From the very beginning of the project, the church was designed to be the tomb chapel of the Komnenos Dynasty. For this purpose, a chapel was built between the Southern Church dedicated to Jesus and the Northern Church dedicated to the Virgin Mary. Thus, two churches with different dimensions were combined with a chapel built in the middle.
The emperor wanted to place a dome as large as possible on the chapel and increase the splendor of the building. However, the dome would rest on the side walls of the two previously built churches and its space was limited. Ultimately, the chapel was covered with an ellipse-shaped dome with a long diameter of 8 meters and a short diameter of 7 meters.

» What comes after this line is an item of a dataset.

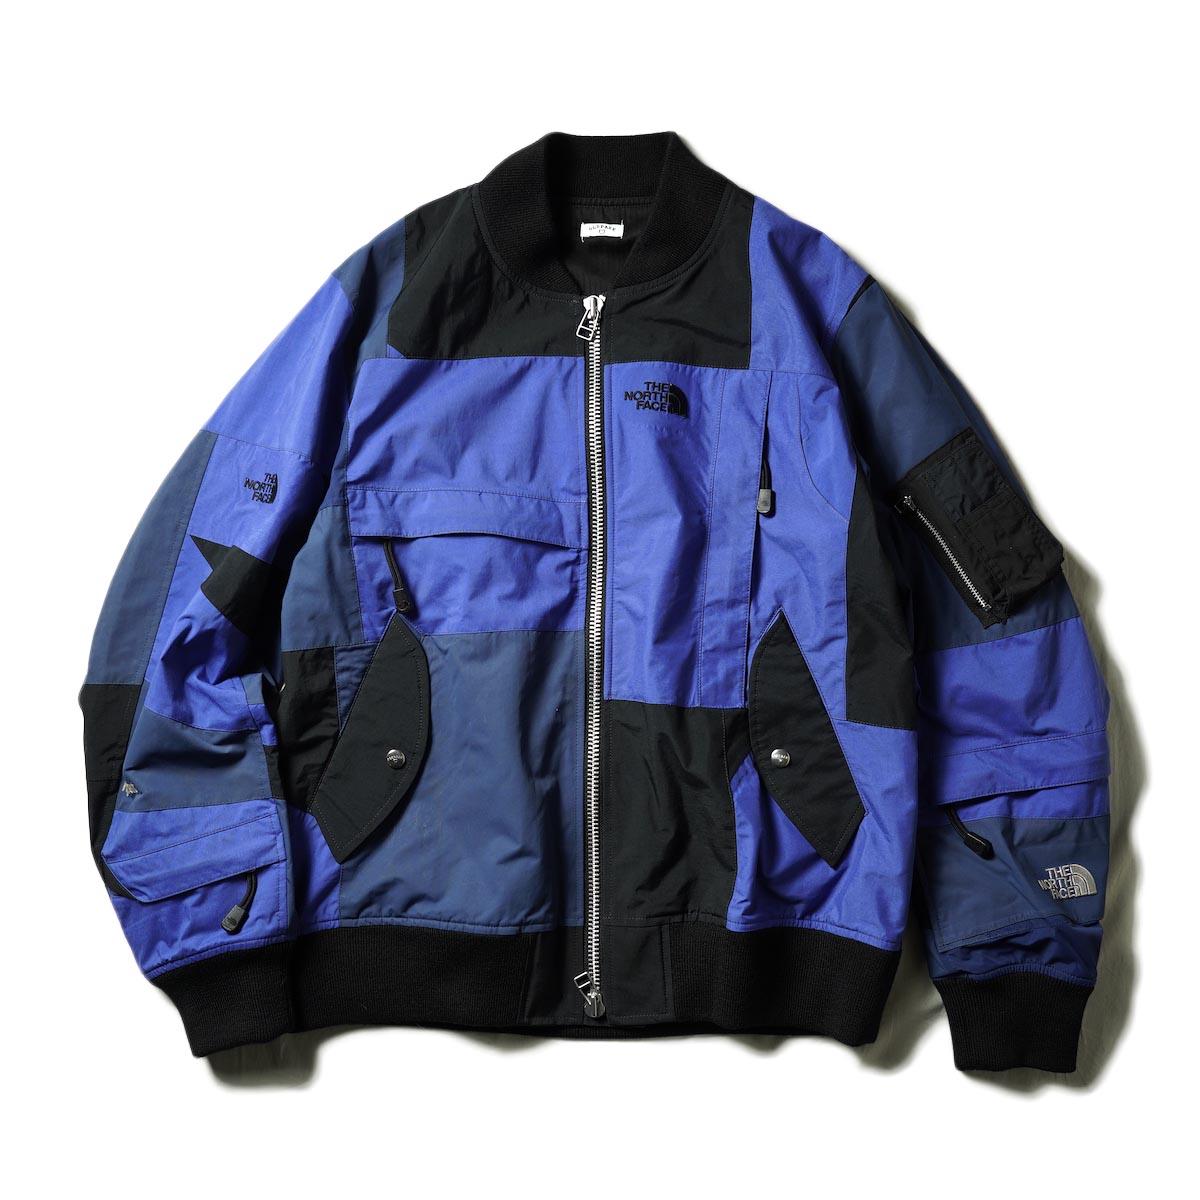 OLD PARK / Flight Jacket Outdoor (XLsize)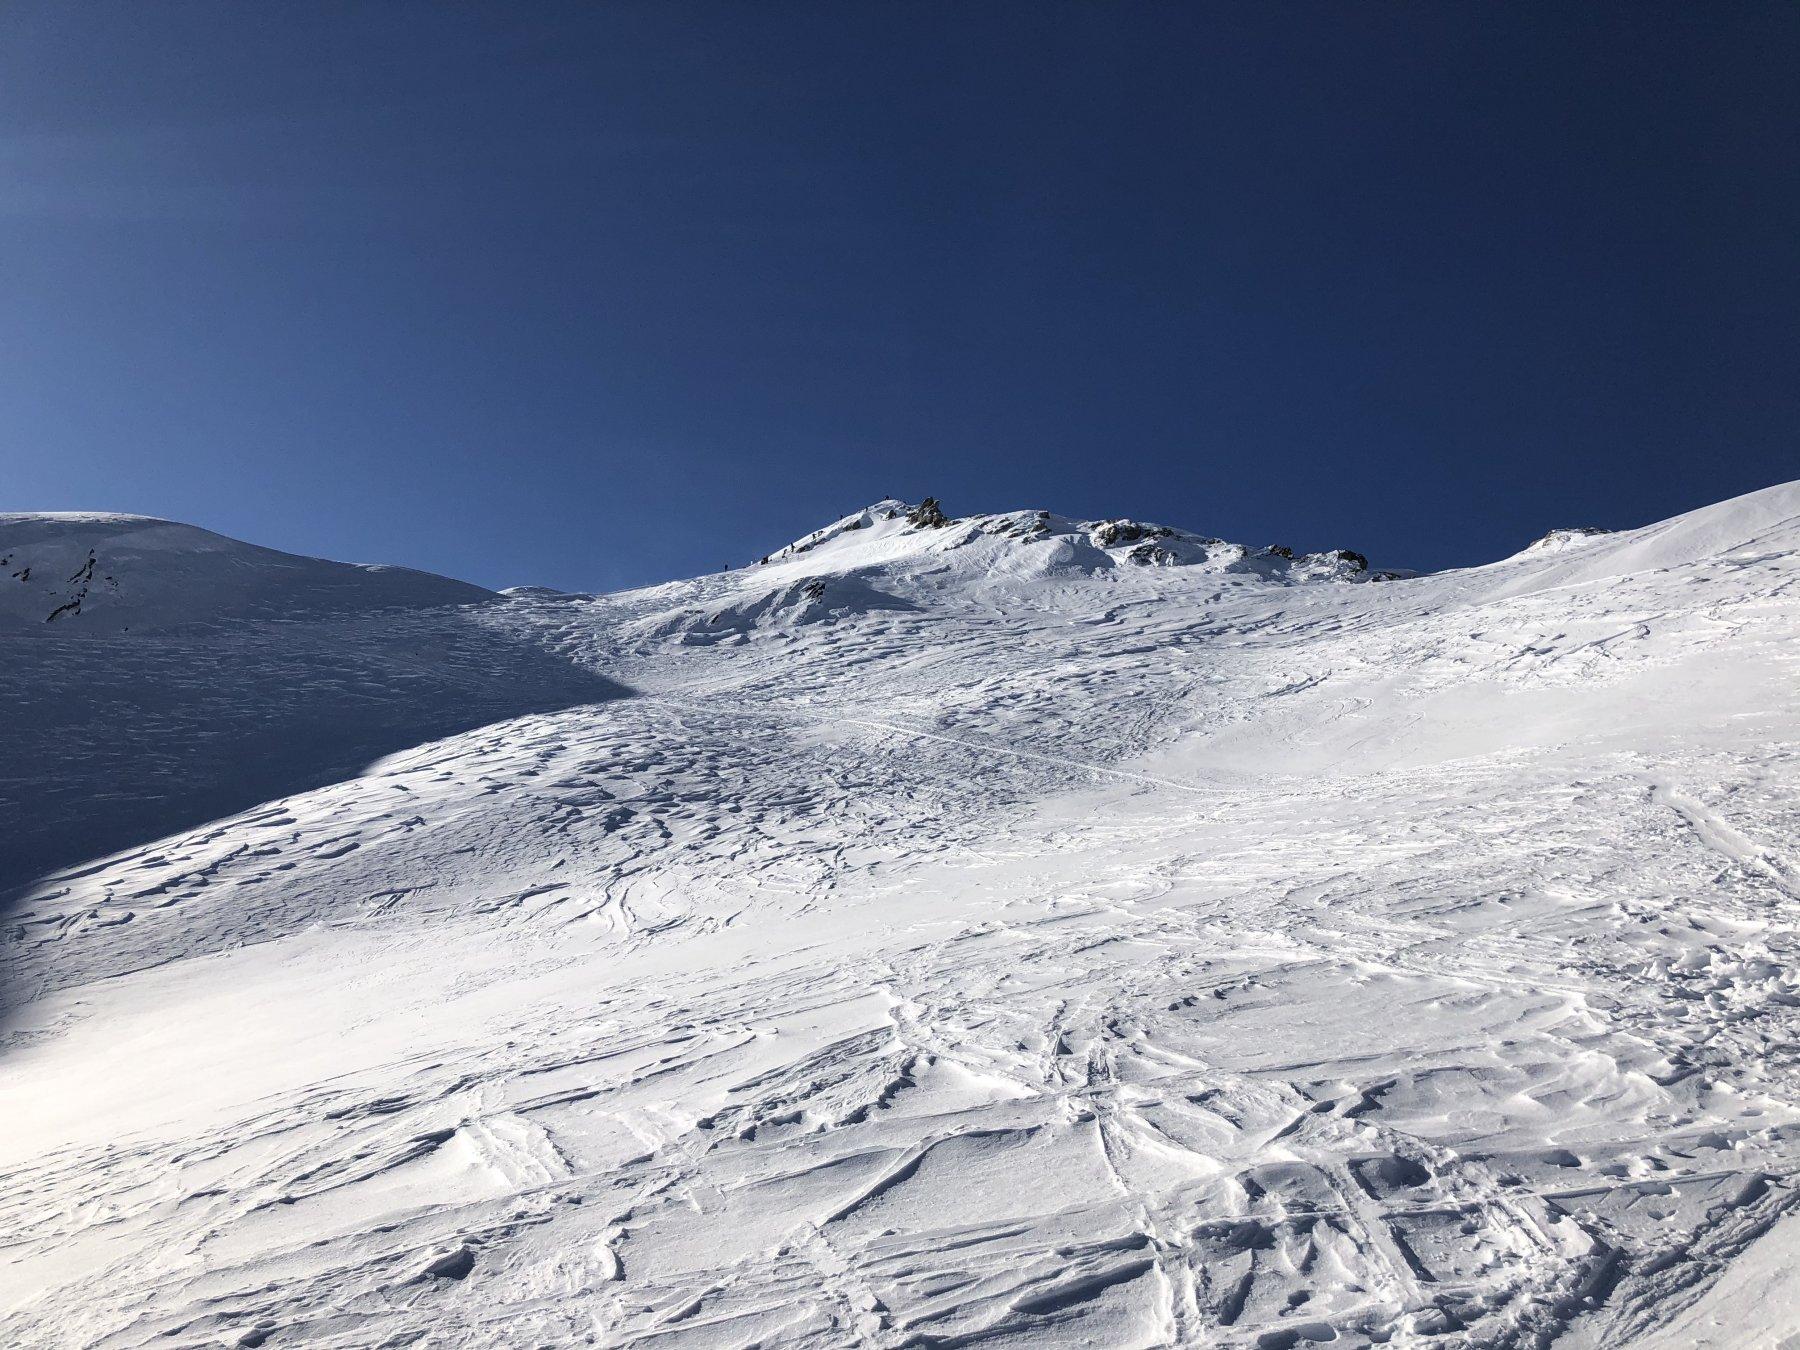 Fourchon (Mont) da Saint Rhemy 2020-01-05

With the gathering of three churches, an imposing structure emerged. The Church of the Monastery of Christ Pantokrator was the third largest church of Constantinople after the Hagia Sophia and the Church of Holy Apostles.
Burial Chapel of Late Byzantine Emperors
The Church of Christ Pantocrator continued to be the burial chapel of the imperial family until the last years of the Byzantine Empire. Many were buried here, first from the Dynasty of Komnenos and later from the Dynasty of Paleologos. The last person buried in the Pantokrator Monastery Church was Helena Dragazes, the mother of the last Byzantine emperor Constantine XI Paleologos.
Zeyrek Mosque in the Ottoman Era
Church of Christ Pantocrator was turned into a mosque after the conquest of Istanbul. The mosque was dedicated to Molla Zeyrek, one of the leading religious scholars of the Sultan Mehmed II period. Zeyrek Mosque was closed in 2009 for renovation and opened to visitors again in 2019.
If you want to take pictures of the Church of Christ Pantocrator, I suggest you go to the steel-made subway bridge in Golden Horn. The most beautiful place where the church can be watched with all its majesty is this bridge.